Even though association between GAS pharyngitis and the ARF is fairly well established, the exact pathogenic mechanisms are not clearly understood. However, two mechanisms are postulated.
1) An abnormal immune response of the host to the GAS antigens.
2) Toxic effect of extracellular toxin of GAS on target organs such as synovium, valves, myocardium and brain.
The GAS is a complex micro-organism which produces plenty of somatic and extracellular antigens. Some of our body tissues have antigenic similarities to the GAS antigens with the result that antibodies produced against GAS antigens cross react with these tissue antigens to produce an auto-immune response. The cross reactivity postulation of ARF is supported by following facts:
a) Group specific polysachharide of GAS wall is antigenically akin to glycoprotein found in human and bovine cardiac valves.
b) The somatic antigens of the GAS cell wall and cell membrane are similar to human myocardial sarcolemma.
c) The M protein of GAS cross reacts with human heart tissues particularly sarcolemmal membrane proteins and cardiac myosin as it shares certain common aminoacid sequences.
d) In chorea, antibodies directed against GAS cell membrane cross react with tissues in the caudate nucleus of the brain.
There are two types of immunity:
1) Humoral Immunity: Host cross reacting (HCR) antibodies are not only identified against tissue structures form ARF patients (as mentioned above) but are also seen in the sera of patients with previous GAS sorethroat who did not proceed to develop ARF.
Therefore, the exact role of those HCR antibodies in the pathogenesis of ARF is not clear.
2) Cellular Immunity: During episodes of ARF, various markers of cell mediated immunity (CMI) have been shown to be elevated. These markers are raised CD4/CD8 cell ratio, raised B cell levels, and natural killer cell counts and increase in C3, C4 complements. Aschoff nodules (a classical marker) in the heart of ARF patients, are due to CMI process. ARF patients with carditis show infiltration by mononuclear phagocytes expressing CD3/CD4 marker proteins. These mediators of CMI seem to be responsible for continuing pancarditis.
It is not understood why some persons only suffer from AFR following GAS pharyngitis. It is postulated that there are certain genetic influences that play a role as only 3 per cent of persons develop ARF following GAS sore throat. Monozygotic twins seem to have higher concordance for development of ARF.
The pathologic hallmark of rheumatic carditis (which is always a pancarditis) is the Aschoff body which is typically seen in myocardium. It comprises of a perivascular infiltrate of large cells arranged in a rossette form around an avascular area of fibrinoid necrosis. These Aschoff bodies are usually seen during subacute or chronic phases but not during acute stage of rheumatic carditis. On gross examination, on opening the left atrium, one sees a thickened patch of tissue just above the base of posterior mitral leaflet termed as "MacCallum's patch".

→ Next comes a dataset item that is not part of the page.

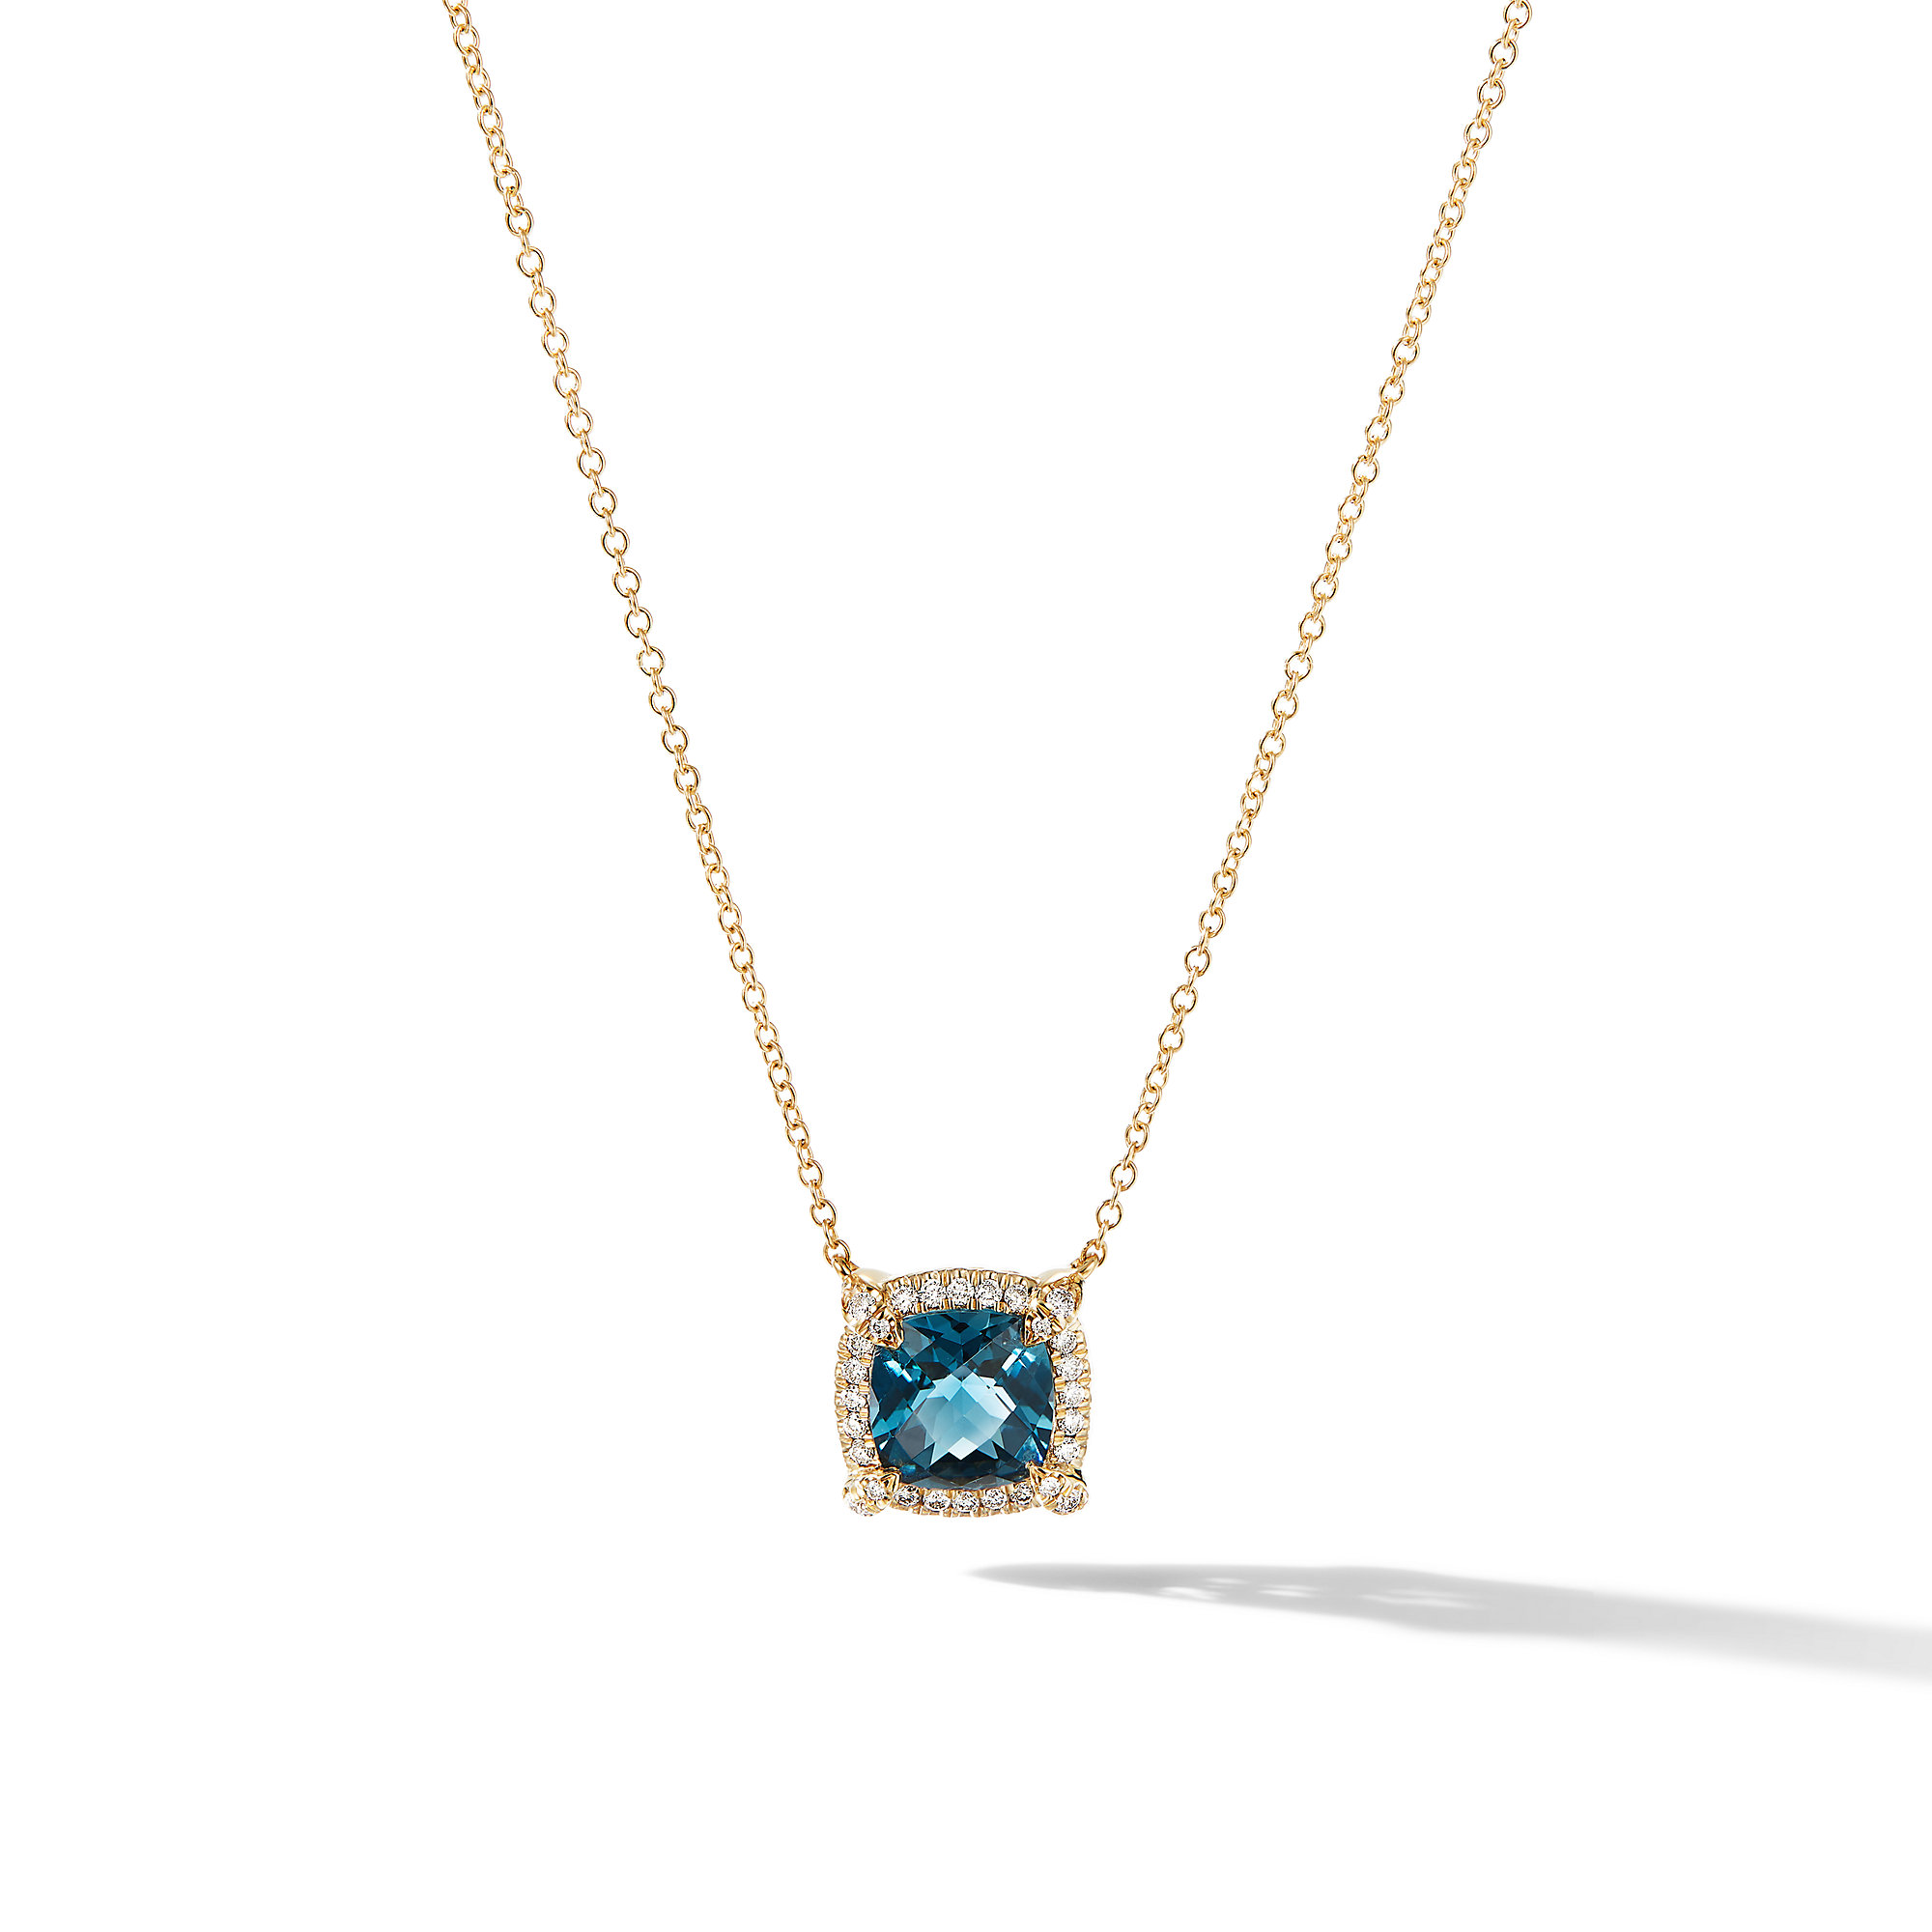 Petite Chatelaine® Pave Bezel Pendant Necklace in 18K Yellow Gold with Hampton Blue Topaz

Valvulitis is the cardinal lesion that leads to various valvular disorders. There is oedema, cellular infiltration of the valves and the cardiac tendinae causing verrucae formation and hyaline degeneration that results in regurgitant valves. Eventually there is fibrosis and calcification leading to stenotic lesions (mitral, aortic). In large majority cases, fibrinous or fibrinoserous pericarditis is seen. There is generalised vasculitis, i.e., responsible for chorea, pulmonary and renal lesions in ARF. As regards joints, there is serositis which recovers without any deformity.